OS BONS COMPANHEIROS*

OS BONS COMPANHEIROS
Crônica de Paulo Rebelo

(A difícil relação de amor)

Amigo leitor-A, tenho uma curiosa e inusitada compilação de histórias encadeadas para contar e que, talvez, queiras escutar e que guardam uma estranha semelhança entre si, cujo diagnóstico, tratamento e prognóstico fugiram completamente à minha capacidade médica.

Eis o relato que tenho a fazer: durante a minha vida médica, atendi milhares de pessoas, mas guardo, talvez, uns cinquenta casos na memória. Foram exemplos que me fizeram refletir profundamente e mudar a compreensão de minha própria vida e mundo. Não falo de casos clínicos, falo de existência humana.

Há alguns anos, recebi um casal no consultório na casa dos 50 anos, ainda joviais e maduros, mas com o cenho abatido e tenso. O homem acreditava mesmo que era cardiopata e poderia morrer subitamente.

Tudo que lhe era perguntado, antes de responder, o casal se entreolhava, talvez, buscando o homem confirmação da mulher.

A consulta transcorria bem, todavia chamava atenção essa necessidade sua de aprovação por parte da mulher.

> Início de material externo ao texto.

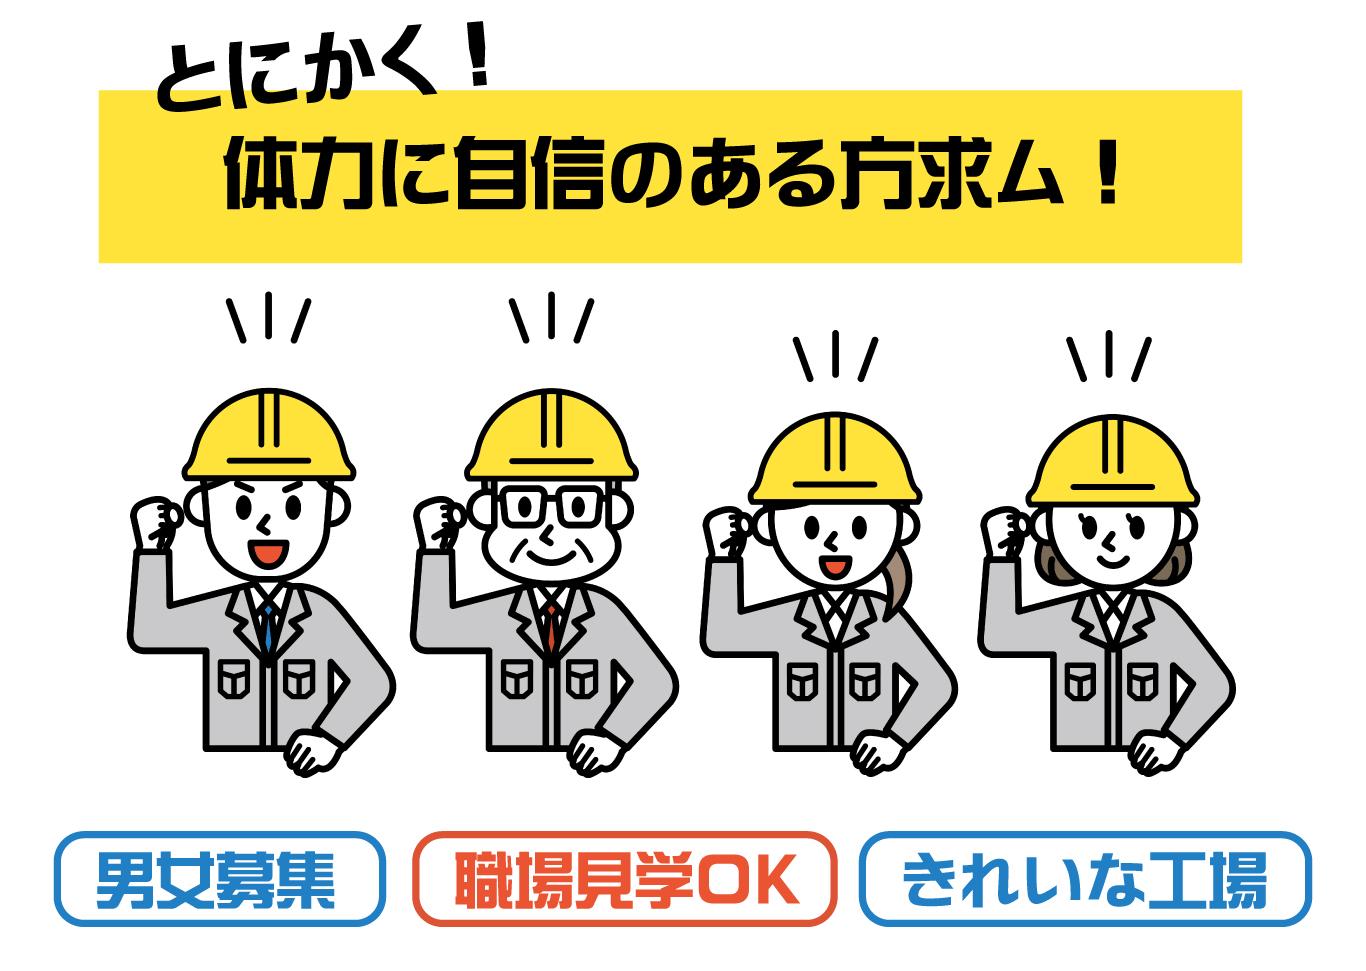 日払い・週払い求人栗東市 きれいな工場でのお仕事!電池の製造補助作業!イメージ

À medida que ampliava a anamnese ou questionário médico, vim a saber que o casal não era de marido e mulher e sim, de “exes”. Curioso, não? Até então, eu lutava para não fazer nenhum pré-julgamento.

O homem e a mulher estavam novamente casados, mas ele com outra mulher e ela com outro homem, respectivamente. Mantinham eles um peculiar relacionamento agora de “amigos”.

Uma vez que do ponto de vista orgânico, nada de anormal existia em seu coração, eram tão somente a sua ansiedade, tensão e transtorno do pânico que lhe provocavam uma forte sintomatologia física a ponto de achar erroneamente que poderia morrer, de fato.

Assegurado que estava saudável, no retorno, de posse de exames seus normais, já mais à vontade e sorridente, eu lhes perguntei brincando:
“Mas, seu Robério e dona Márcia, que história é essa? Não rola nenhum “FLASHBACK” entre vocês? Sorriram. “Não, doutor!” Ele respondeu. “E a tua atual mulher não tem ciúmes?” “O seu companheiro não cria caso, dona Márcia?” “Nós casais não somos propriamente amigos”, mas nos respeitamos.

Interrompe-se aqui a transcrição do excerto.